Only the lines below starting at the one containing "Meet our expert" and ending at the one containing "Attend our next" belong in the answer, each copied exactly.

## Record excerpts
+ + + + + + +
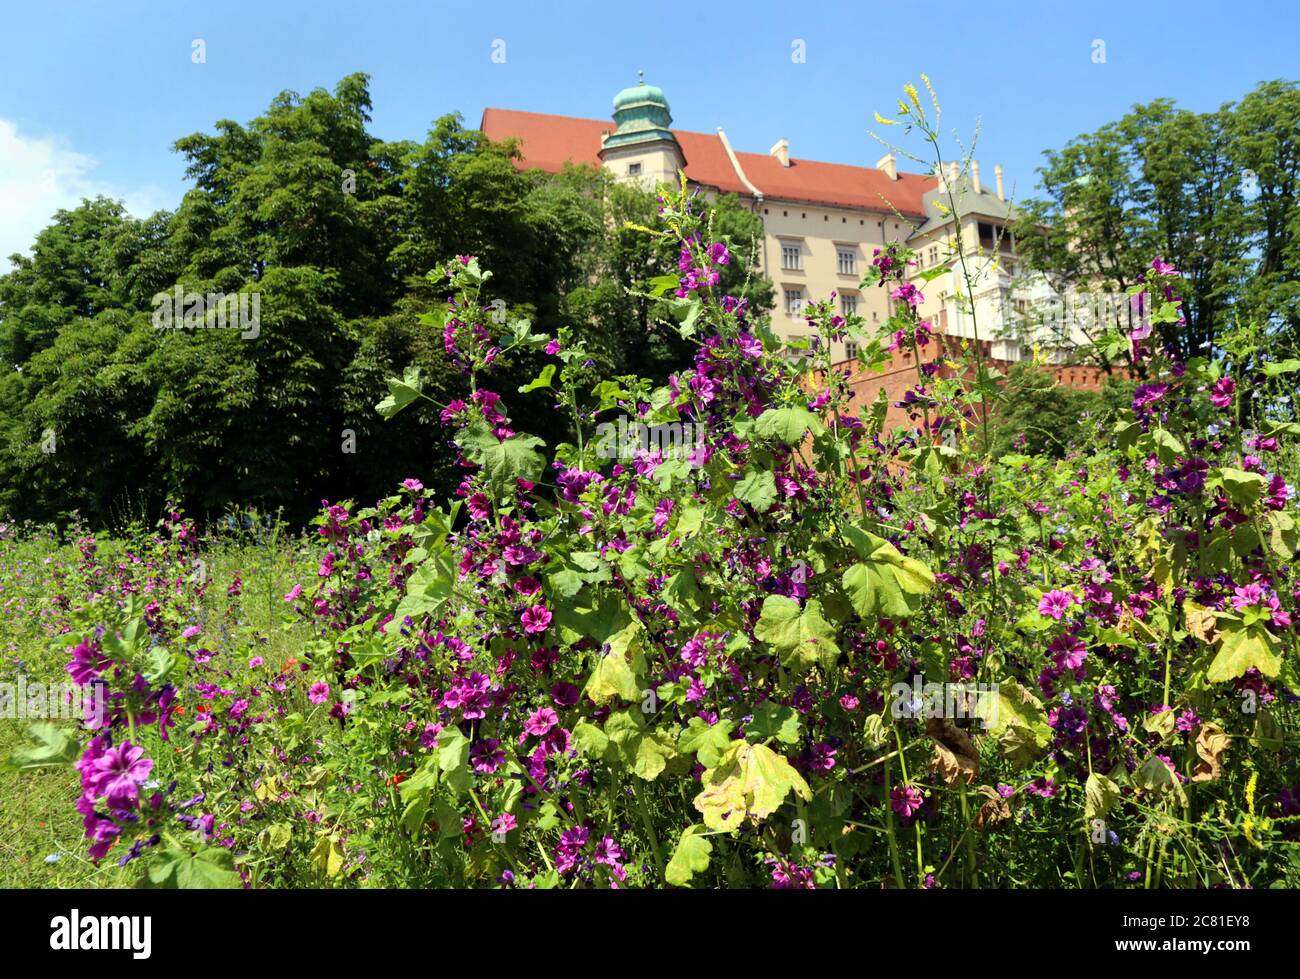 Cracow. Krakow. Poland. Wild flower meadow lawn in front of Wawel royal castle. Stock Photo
+ + + + + + +
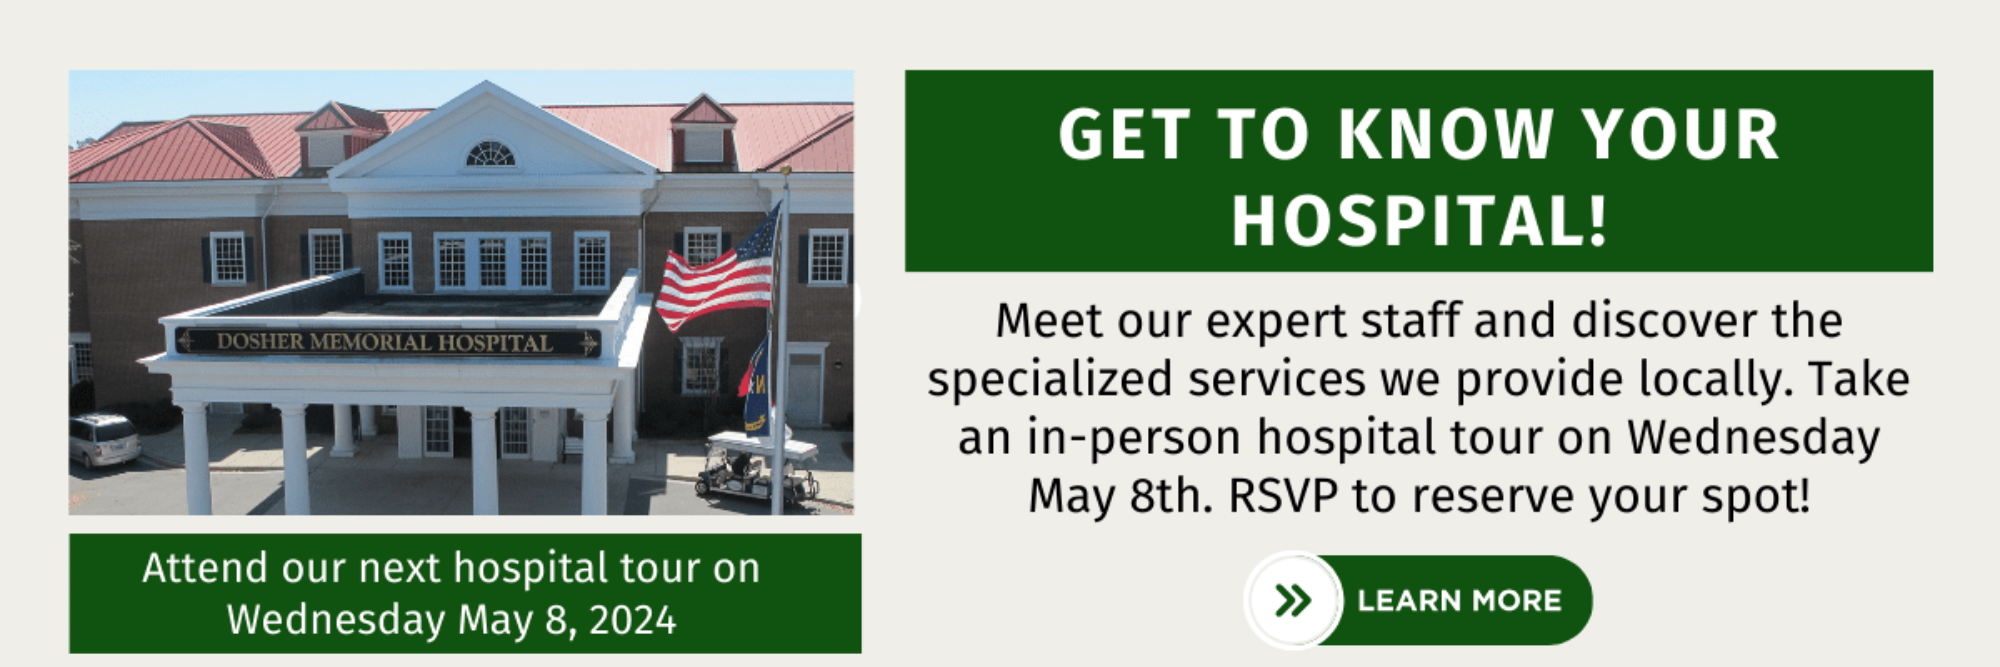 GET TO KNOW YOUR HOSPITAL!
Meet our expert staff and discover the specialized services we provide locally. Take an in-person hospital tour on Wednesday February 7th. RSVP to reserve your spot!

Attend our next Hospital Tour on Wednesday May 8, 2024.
+ + + + + + +
## Problem solution
Meet our expert staff and discover the specialized services we provide locally. Take an in-person hospital tour on Wednesday February 7th. RSVP to reserve your spot!

Attend our next Hospital Tour on Wednesday May 8, 2024.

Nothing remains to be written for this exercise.